Шоумен сделал паузу, и во время ее три женщины разных возрастов по очереди хлопнулись в обморок.
«Вторая, – подумал Мэн, – ни при чем». Ее он не мог припомнить ни в каком качестве. Тут же выяснилось, что она перепутала ритуальные залы. Ее вынесли по нужному адресу, и Шоумен продолжил:
– Покойный много сделал и многое не сделал. И неизвестно, за что ему будут благодарны потомки, – и опять сделал паузу. Собравшиеся осмыслили сказанное, и послышались сдавленные смешки. – Он много внимания уделял молодым художникам.
Еще две молодые мультипликаторши хлопнулись в обморок. А одну стошнило.
«Чего это она? – удивился Мэн. – Я же был в презервативе… К тому же прошло двадцать пять лет».
И в это время Шоумен предоставил слово Великому.
– Невозможно себе представить Мэна мертвым. Он всегда был такой живой. Живее всех живых. Его юмор всегда поддерживал нас, когда нам было плохо. Когда уже казалось, что хуже быть не может. Но после его шуток оказывалось, что может. И вот его нет среди нас. Но мы всегда будем вспоминать его незлым, тихим словом. Долгие годы он казался мне довольно-таки тупым и ограниченным человеком, с таким же тупым и ограниченным площадным юмором. И только к концу его жизни я понял, что это мне не только казалось. Таким он был на самом деле. Абсолютно цельным в своей доведенной до совершенства тупой деятельности… За что и был любим широкими кругами малолетних граждан нашей затраханной страны.
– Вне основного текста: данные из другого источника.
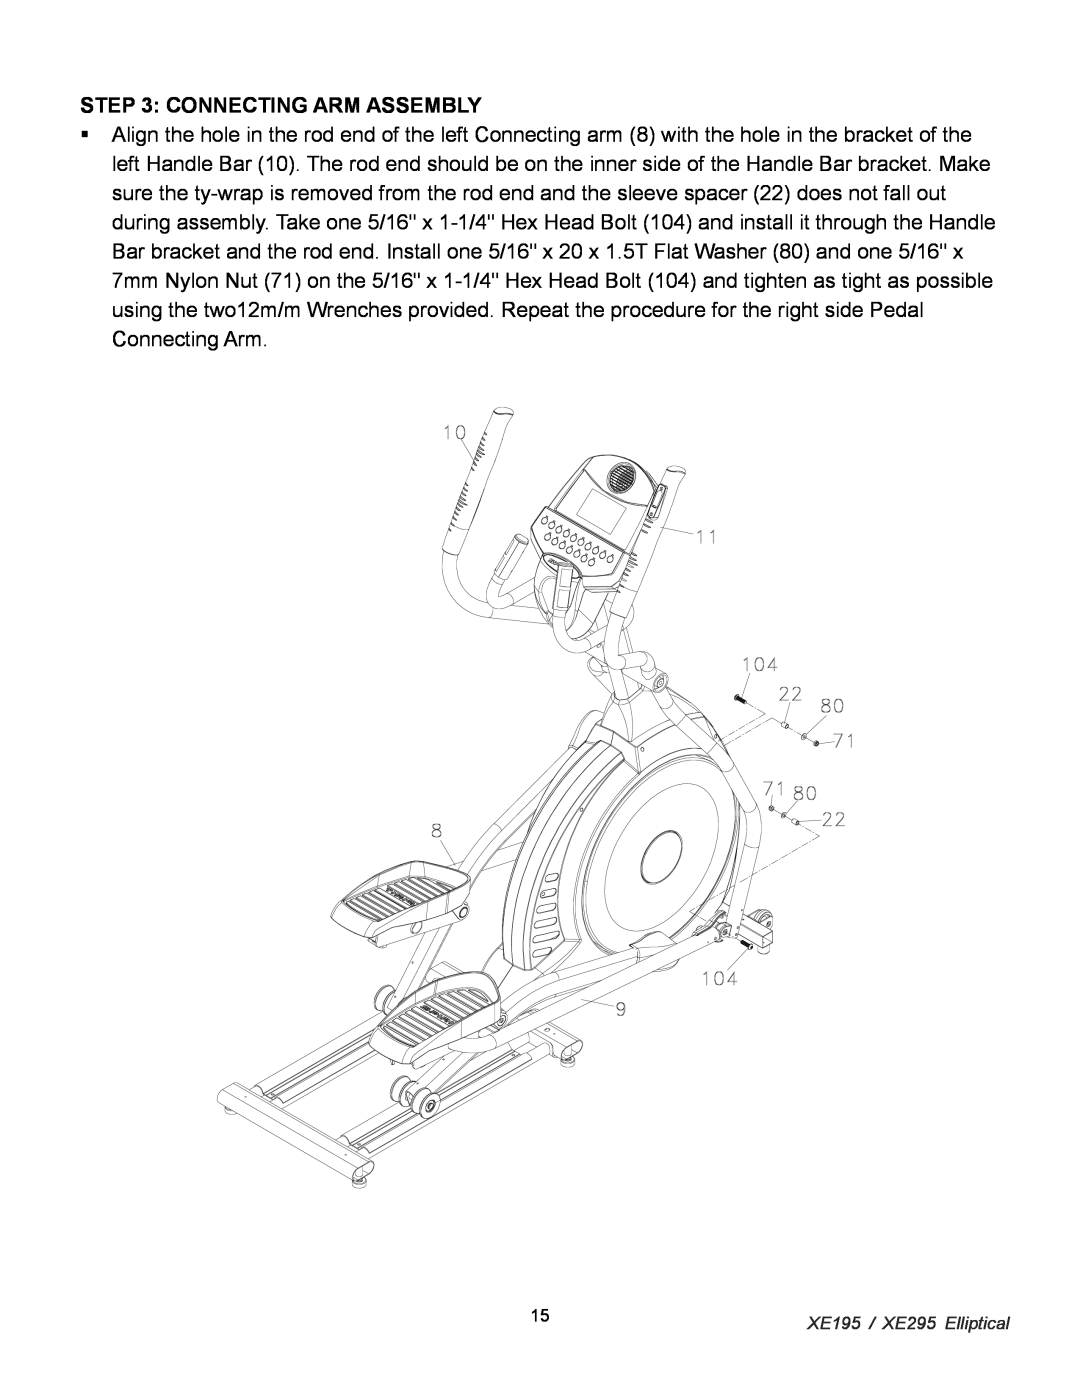 Spirit XE 295, XE 195 owner manual Connecting Arm Assembly 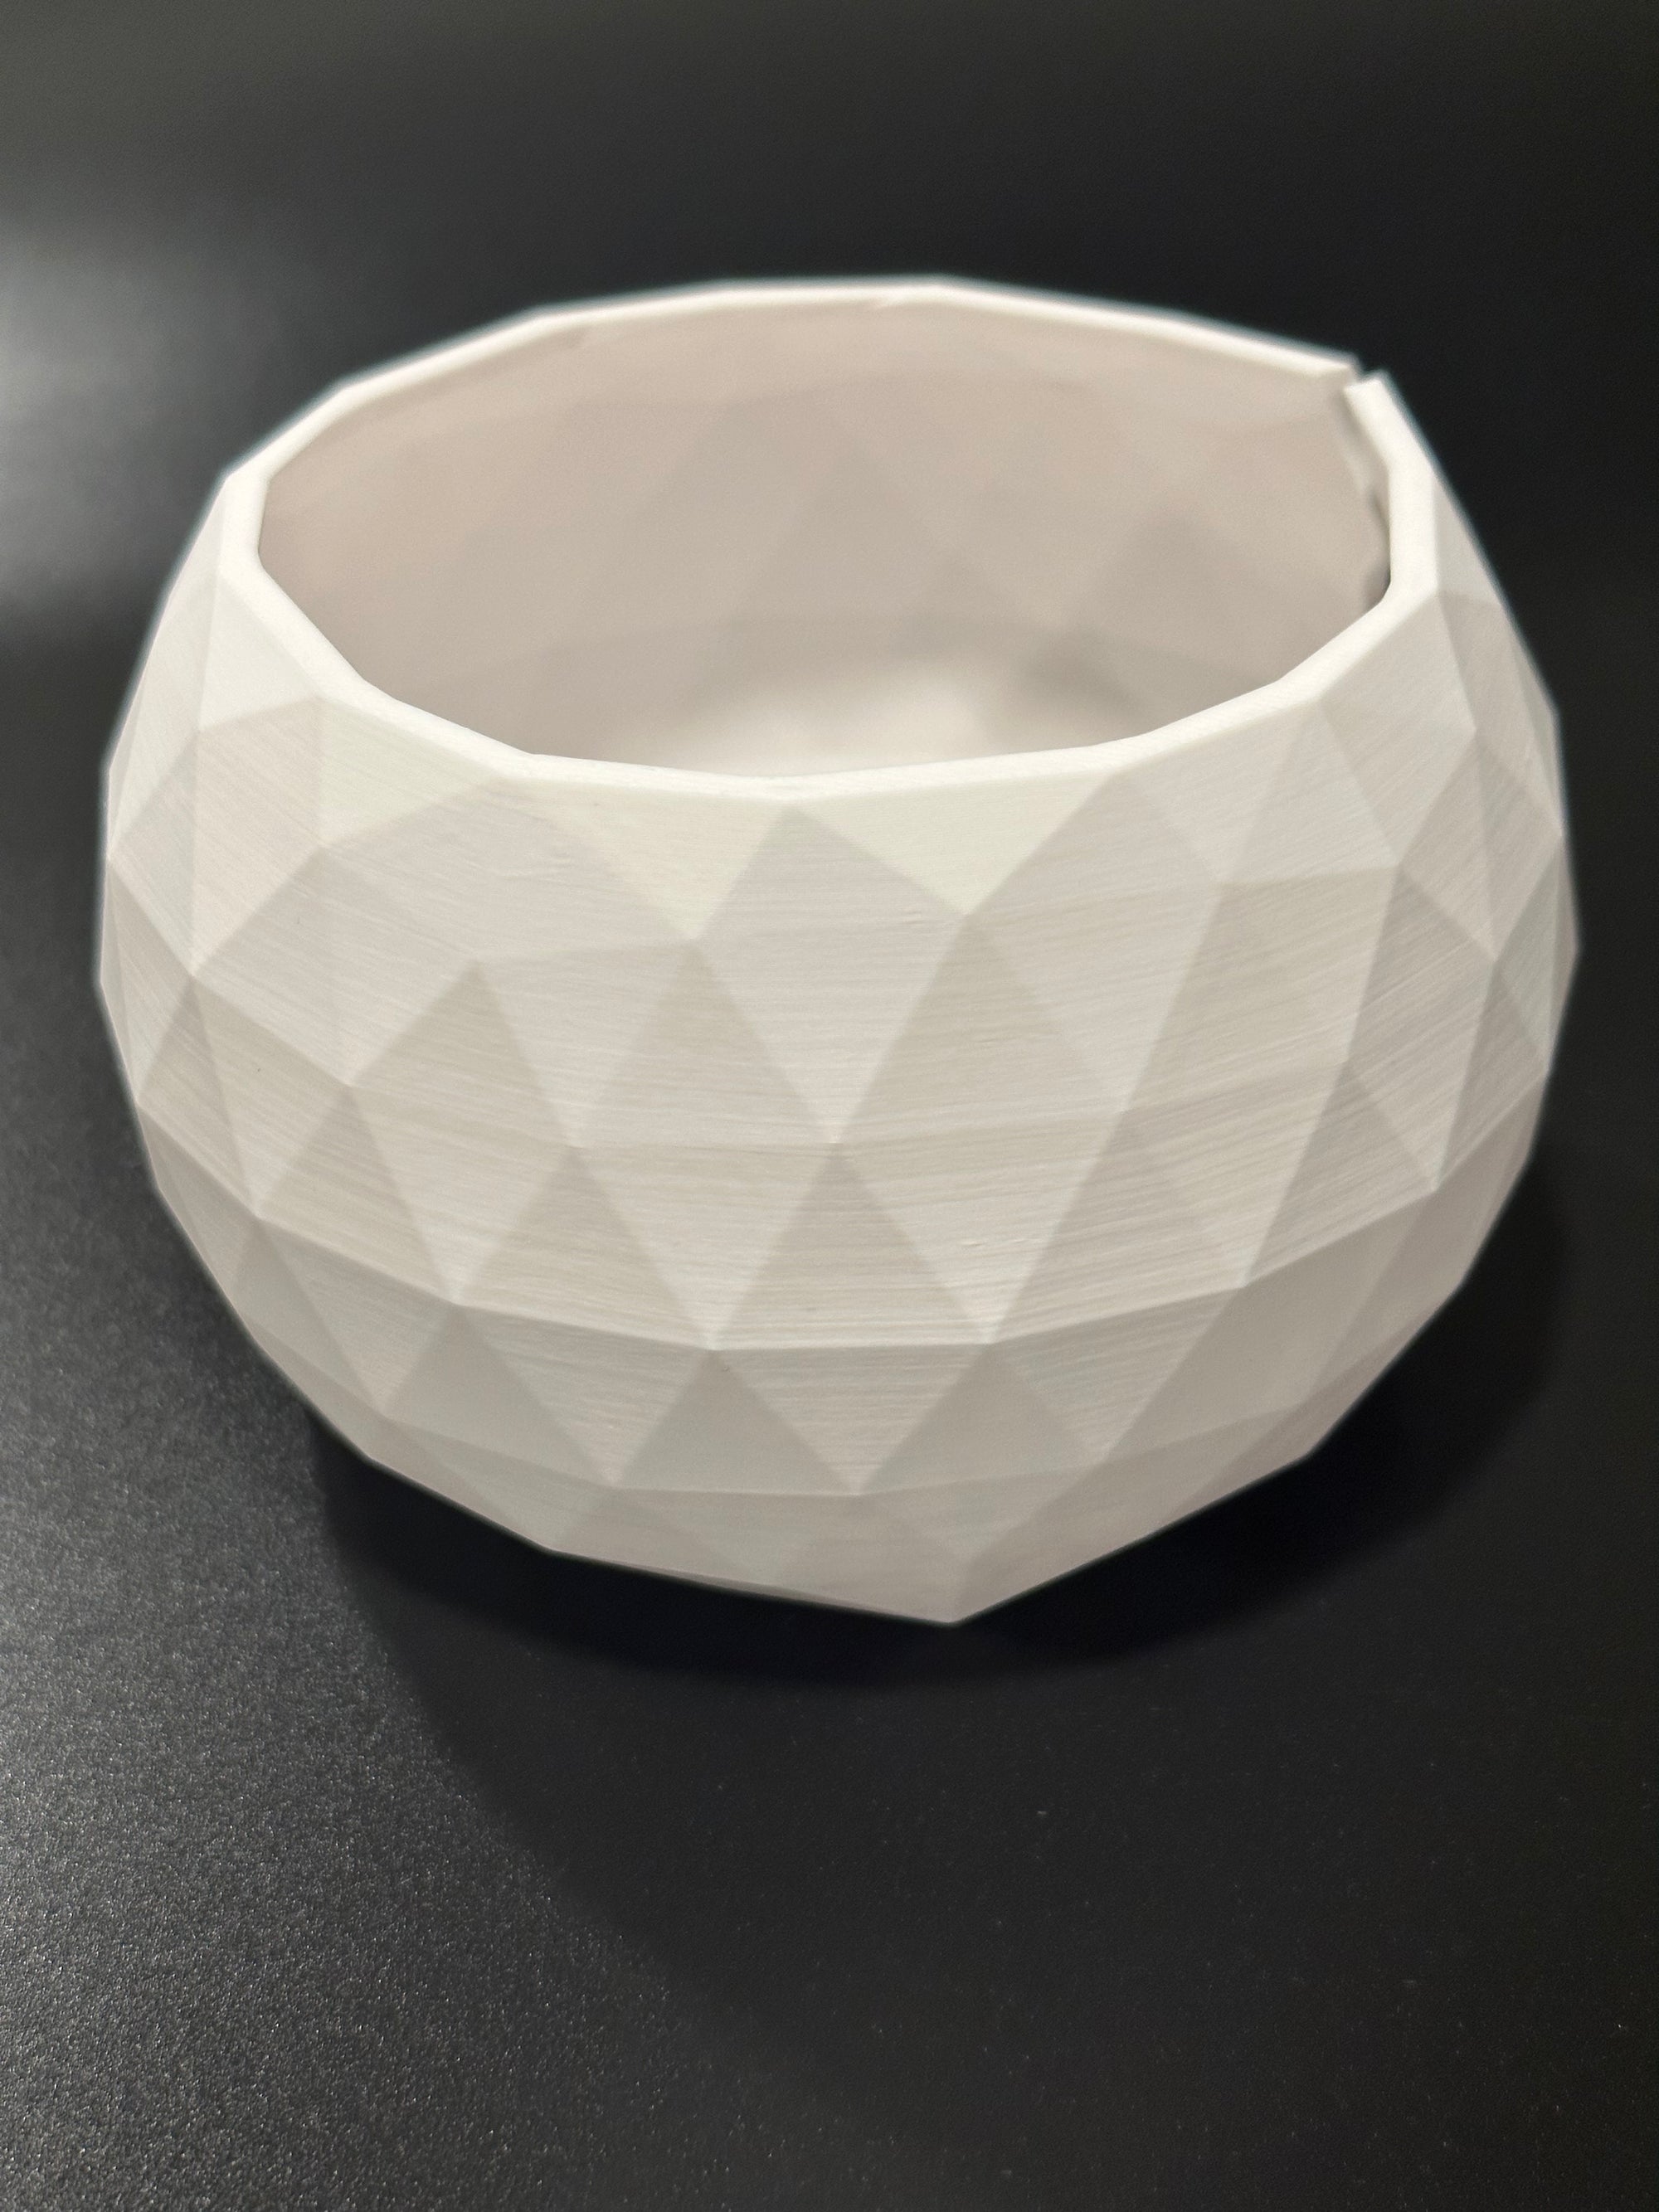 Modern  Knitting Yarn Bowl, 3D Printed, Sleek & Stylish Design, Perfect for Knitters and Crocheters, Great Gift for Craft Lovers

Мэн лежал и не мог понять, хорошо ли о нем говорит Великий или очень хорошо. Но все равно было приятно. А Великий, между тем, продолжал:
– И вот он умер, ни хера не оставив взамен себя семье и детям. Ибо до последних дней был сущим бессребреником. Все, что он зарабатывал непосильным трудом на ниве мультипликации, непосильным трудом пропивалось в ближайшие дни с близкими ему людьми. А также хрен знает с кем.
«Ну, это он уже чересчур, – подумал Мэн. – Я всегда выпивал только с близкими людьми. Потому что стоит с кем-нибудь выпить, как он тут же становится близким».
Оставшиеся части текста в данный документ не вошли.